Digital Speech Synthesis

Introduction

You belong on this page if you understand sound-synthesis instruments and notelists, and if you wish to understand how MUSIC-N style software sound synthesis can emulate human vocal sounds.

The earliest example of computer-synthesized singing known to me is a 1961 rendition of a male human voice singing the chorus of Henry Dacre's 1892 “Daisy Bell” (Popularly known as “A Bicycle Built for Two”). This early example was created at Bell Labs, and the results can be heard on youtube. The example has an accompaniment generated by Max Mathews, no doubt using one of the MUSIC-N series of programs. However, MUSIC-N does not seem to have played a role in the actual speech synthesis.

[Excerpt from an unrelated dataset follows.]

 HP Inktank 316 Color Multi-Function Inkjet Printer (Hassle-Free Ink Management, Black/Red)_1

The goal of this page sequence is to use the Sound engine to re-synthesize “Daisy Bell”. The objective is synthesis informed by acoustics, which means that wherever possible we want the assembly of sound-synthesis components (oscillators, noise generators, filters, etc.) to be explainable in terms of the vocal tract and its resonant cavities. However, this will be possible only up to a point — the later pages on fricatives and plosives rely upon sound spectra which are analytically produced without reference to any physical model. This exercise intentionally excludes techniques such as sampling and and linear predictive coding. Although these techniques produce vocal sounds which are much more realistic than those which will be achieved here, using them leaves the user with very little insight into the nature of a sound: its spectral peaks and valleys, and how the sound unfolds over time.

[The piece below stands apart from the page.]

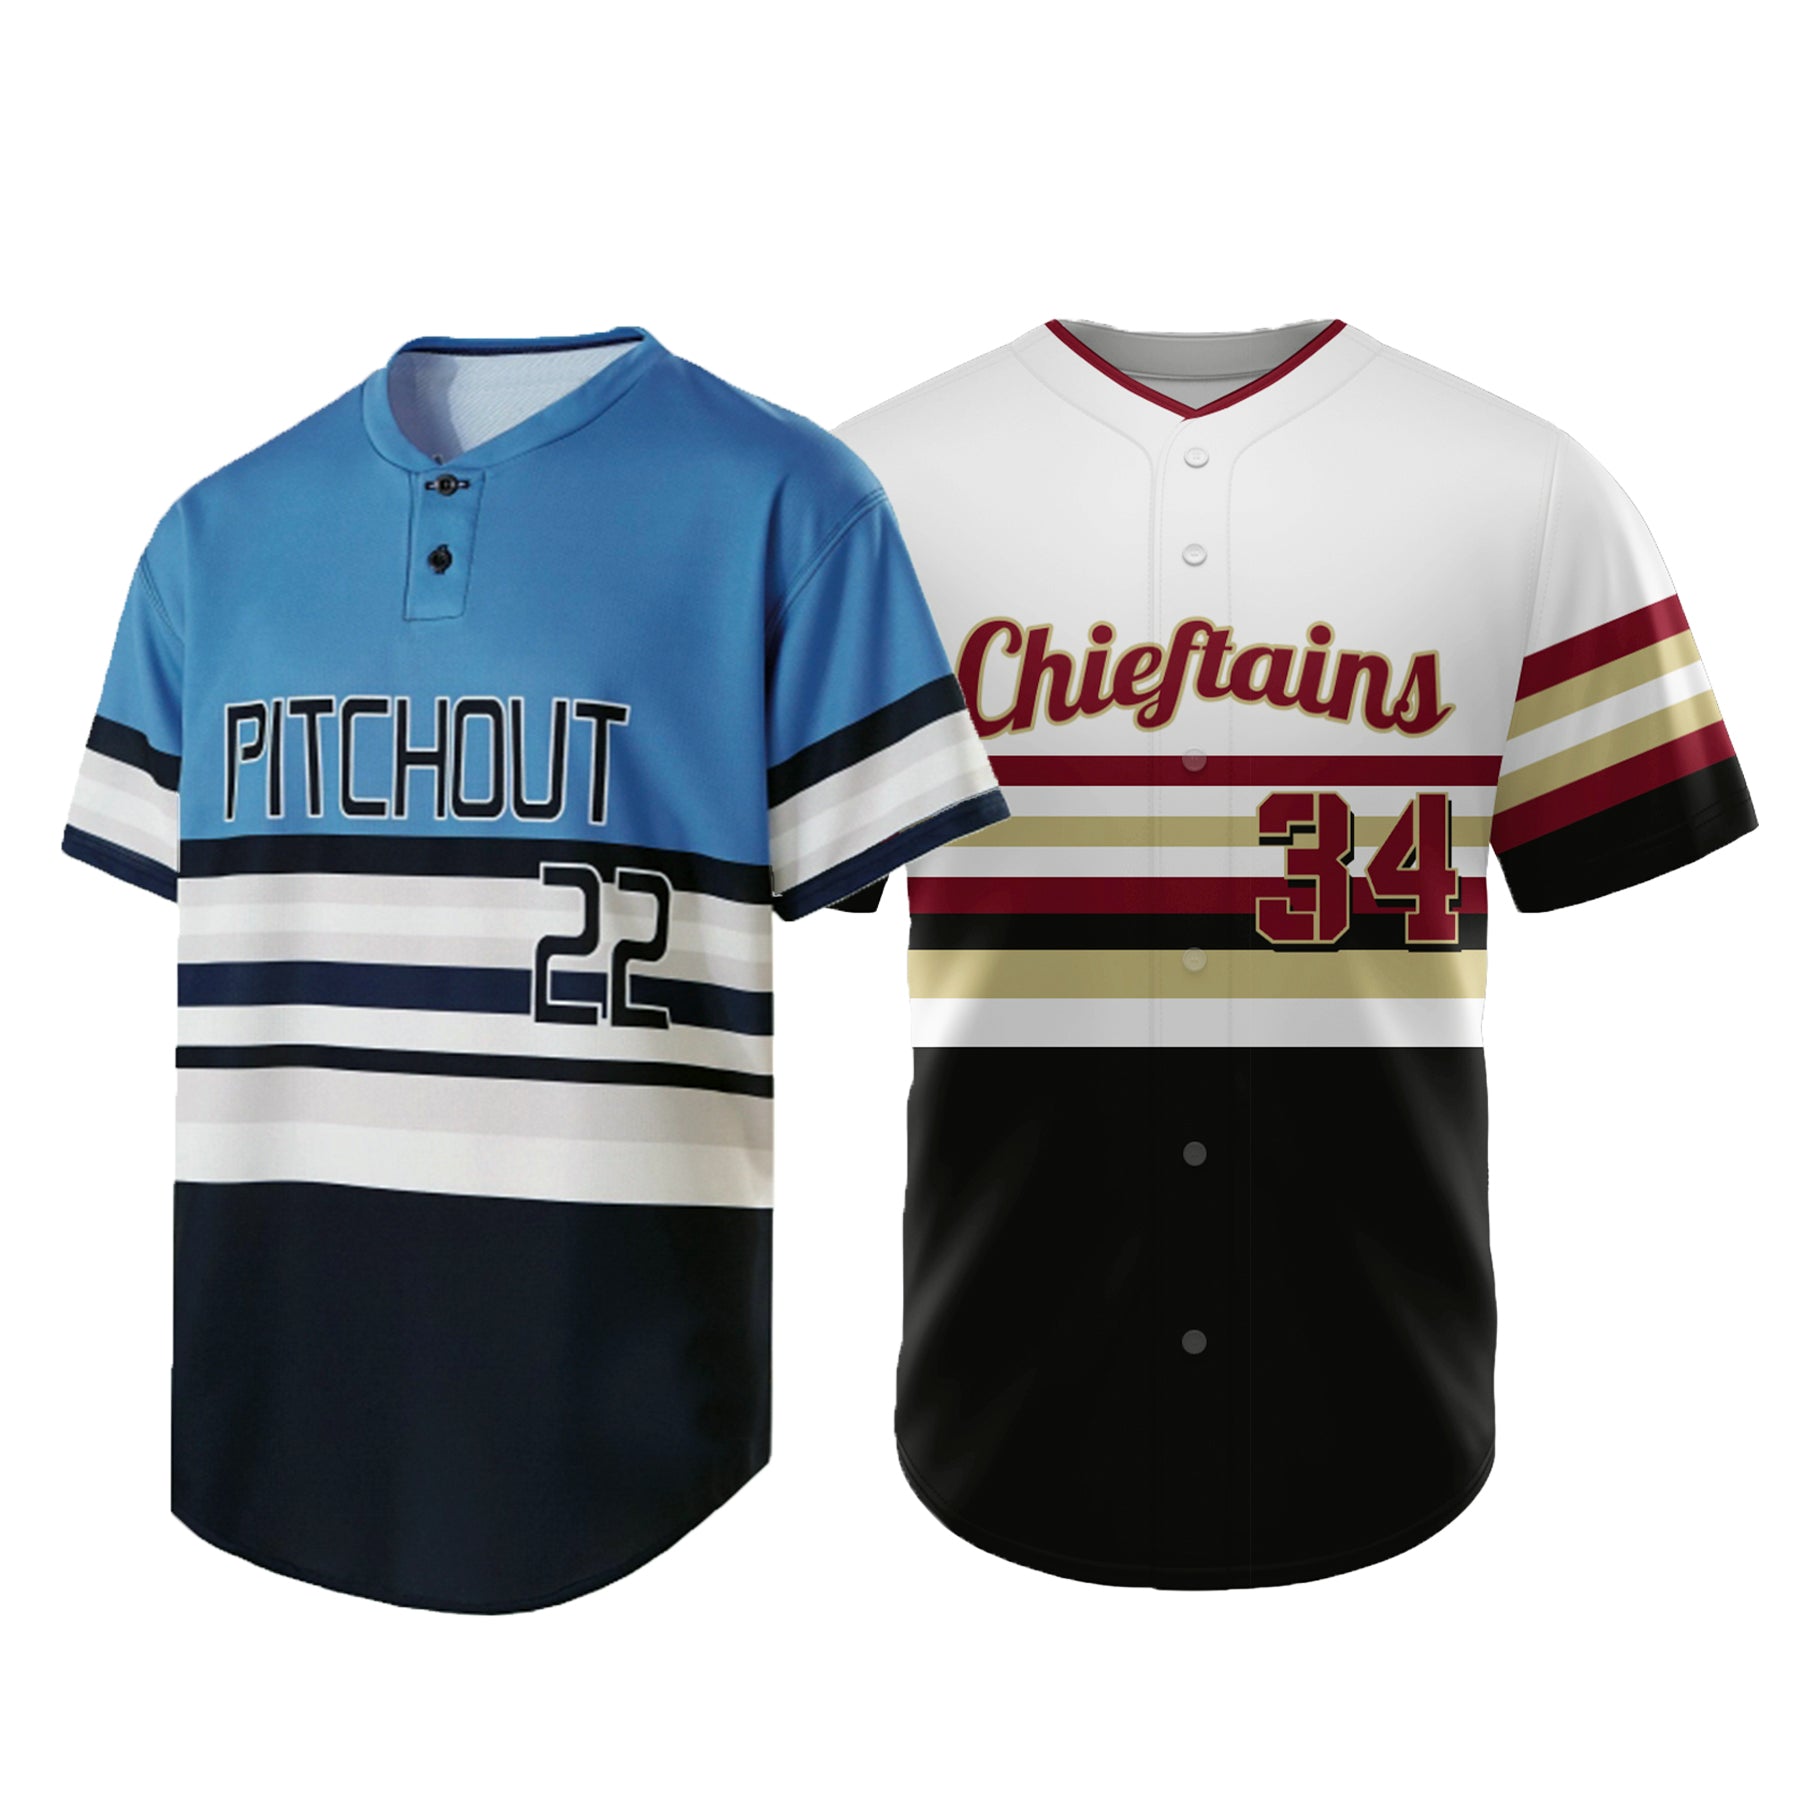 Custom Baseball Uniform - Made in America

I undertook this exercise as a reality check on the Sound engine. It should have been straightforward; after all, computers have been doing speech synthesis at least since 1961. My major professor at UB, Lejaren Hiller, had always maintained that the MUSIC-N programs (from which the Sound engine descends) were justified to Bell Labs as speech-synthesis platforms. Plus I had a very promising resource in Dennis H. Klatt's 1980 article “Software for a cascade/parallel formant synthesizer” (J Acoust Soc Am 67, pp. 971-995), which is available on this site in PDF format. Klatt's article described solutions to pretty much all of the challenges posed by speech synthesis, and it even provided tables of specific parameter settings used to produce specific phonemes.

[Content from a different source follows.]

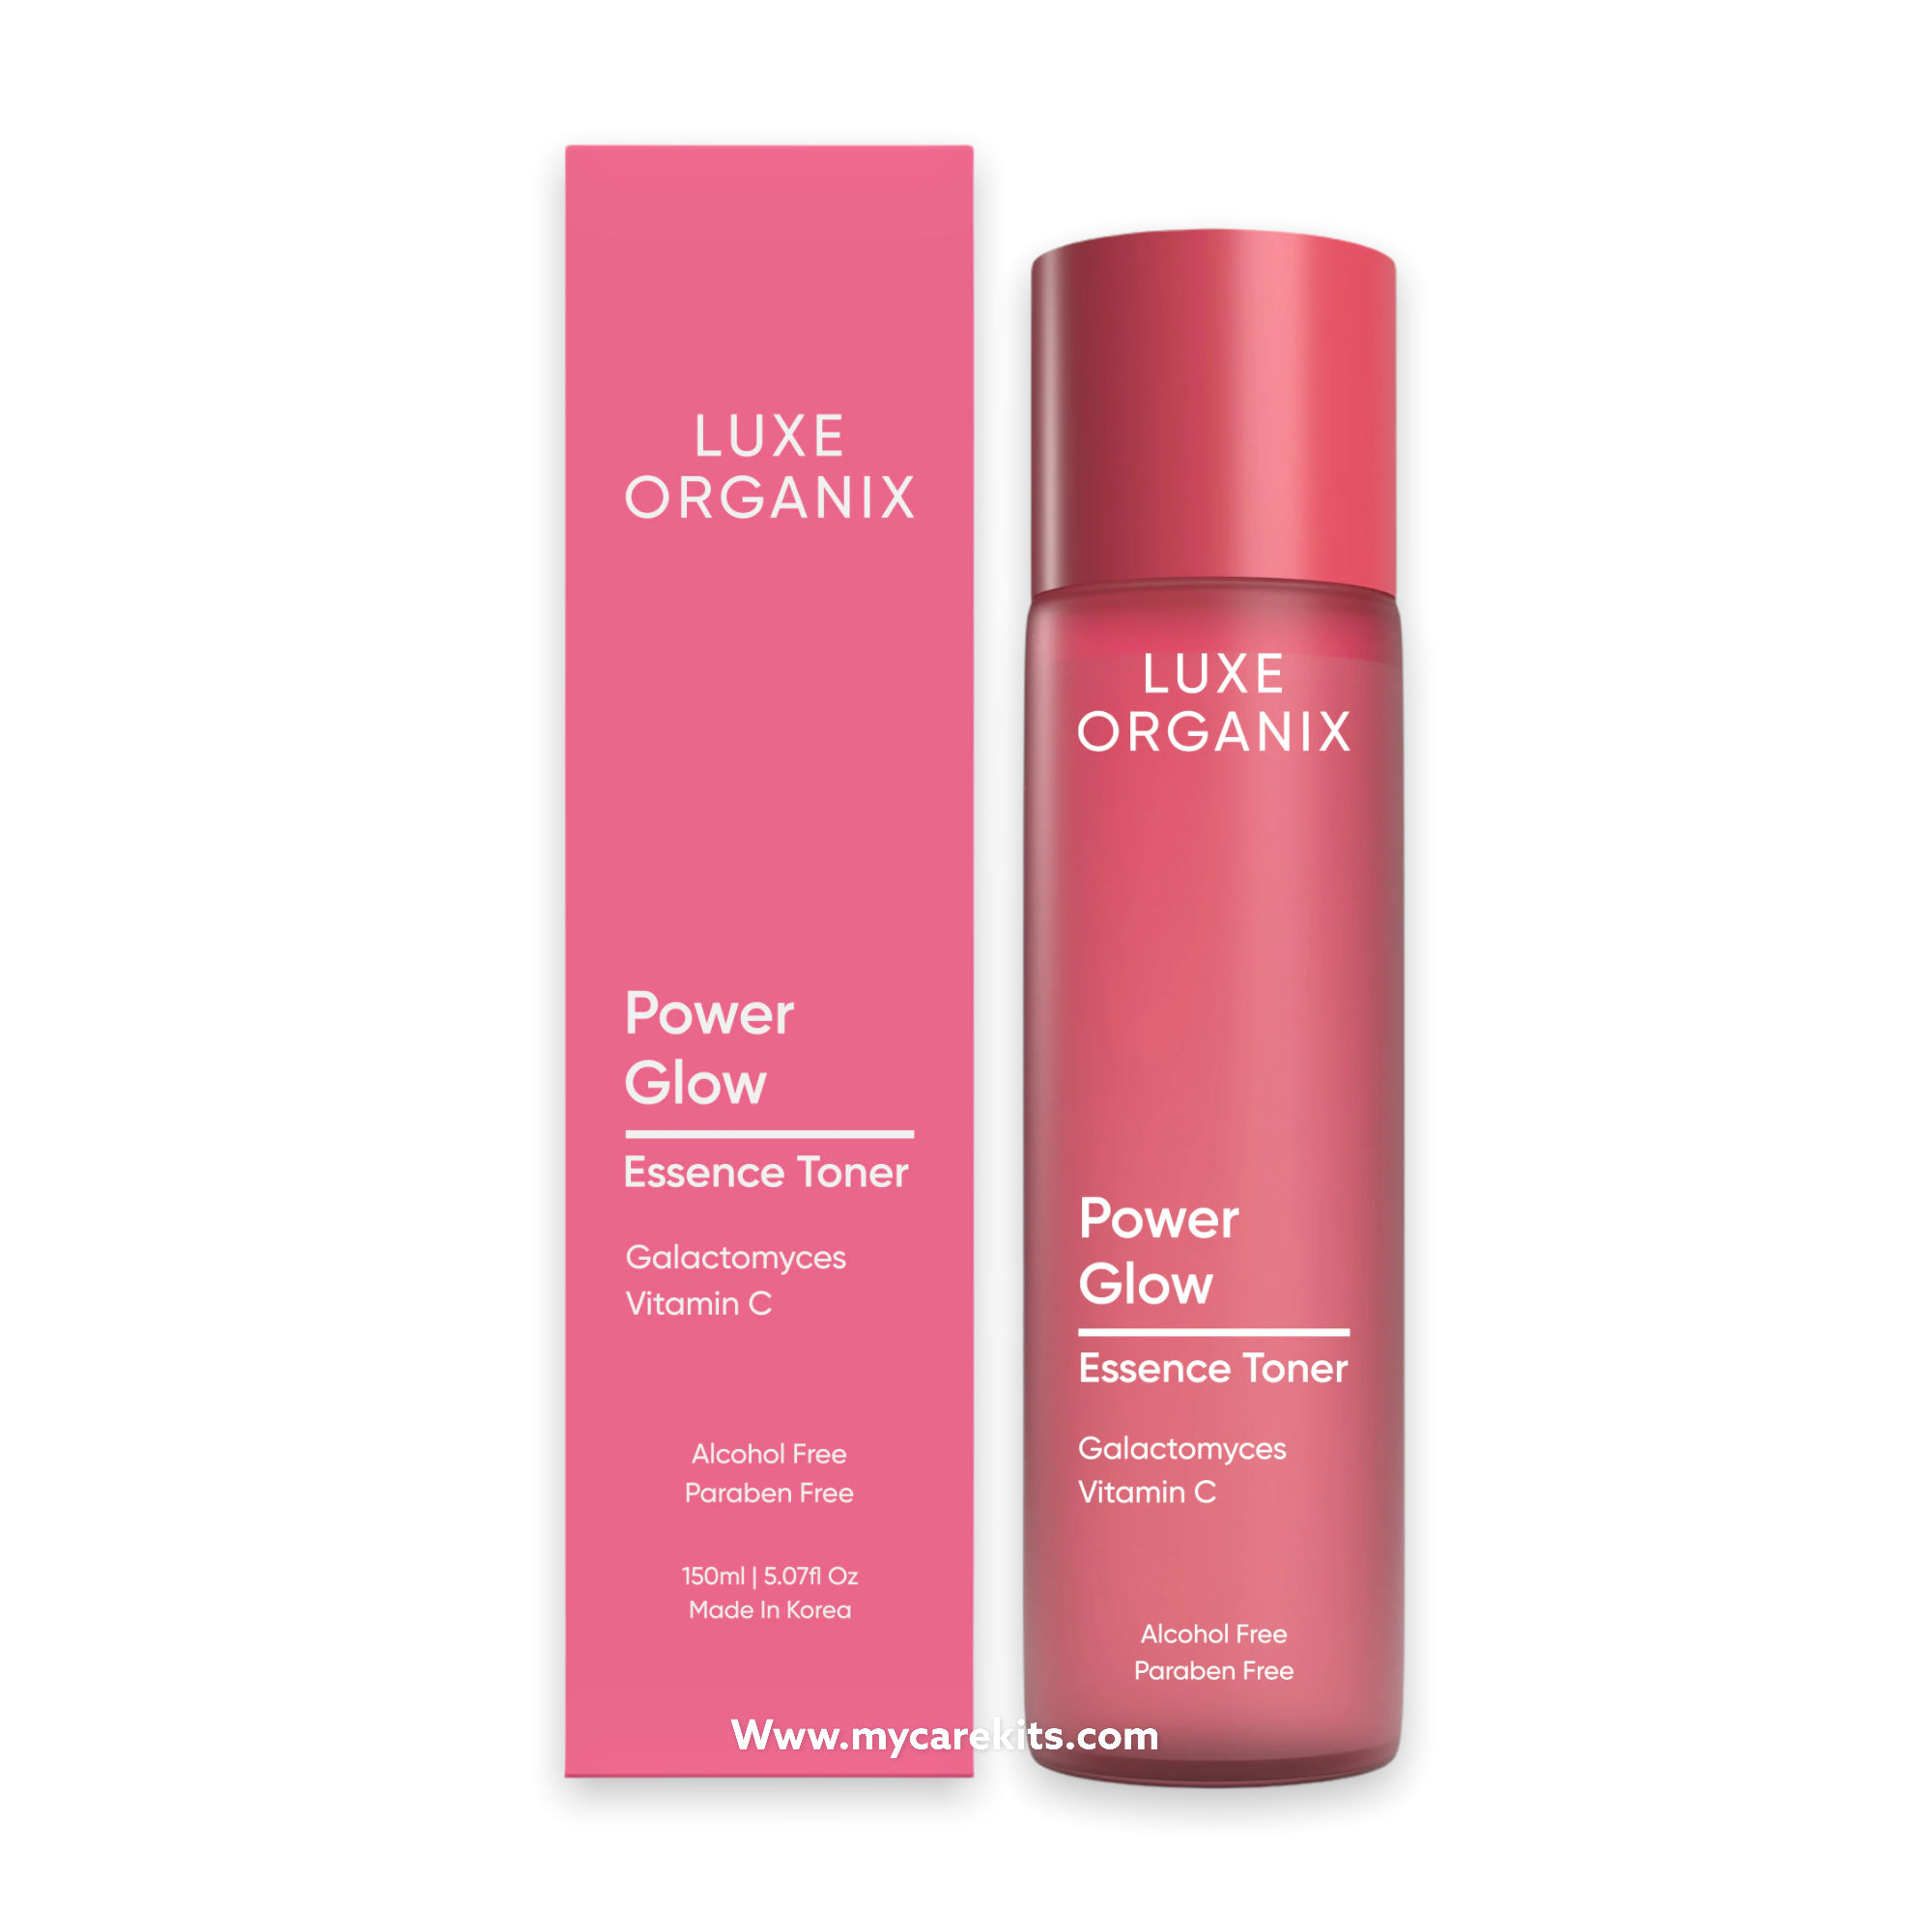 Luxe Organix Power Glow Essence Toner 150ml - ( Pink bottle )

Whether Hiller was historically correct about MUSIC-N, or not, I cannot say. However, I have personally concluded that MUSIC-N's note-parameter model is inadequate for speech synthesis, for several reasons:

There can be any number of phonemes in a word, and the transitions between phonemes are rarely discrete. This means that the properties of phonemes (e.g. the peak frequencies of vocal resonances) cannot be described using discrete parameters. Rather each property must be described as a sequence of segments, combining steady-state plateaus with transitional ramps.
Some phonemes are pitched while some are aspirated. Still other phonemes combine pitch with aspiration. This suggests that sound-synthesis instruments be able to respond to conditions which change over the duration of a note. However, making instruments conditional means that the instrument wastes a lot of time generating signals which it isn't actually going to use. Better if the instruments could be designed modularly, with the modules being activated only when needed.
The bank of resonances and antiresonances required to produce a phoneme varies, depending whether the phoneme is a vowel, a nasal, a fricative, or whatever. This third reason has similarities with reason #2 except that the vocal sources act in parallel while resonances and antiresonances act in cascade (sequence). The solution to reason #2 is the same as the solution to reason #3: modular instrument design.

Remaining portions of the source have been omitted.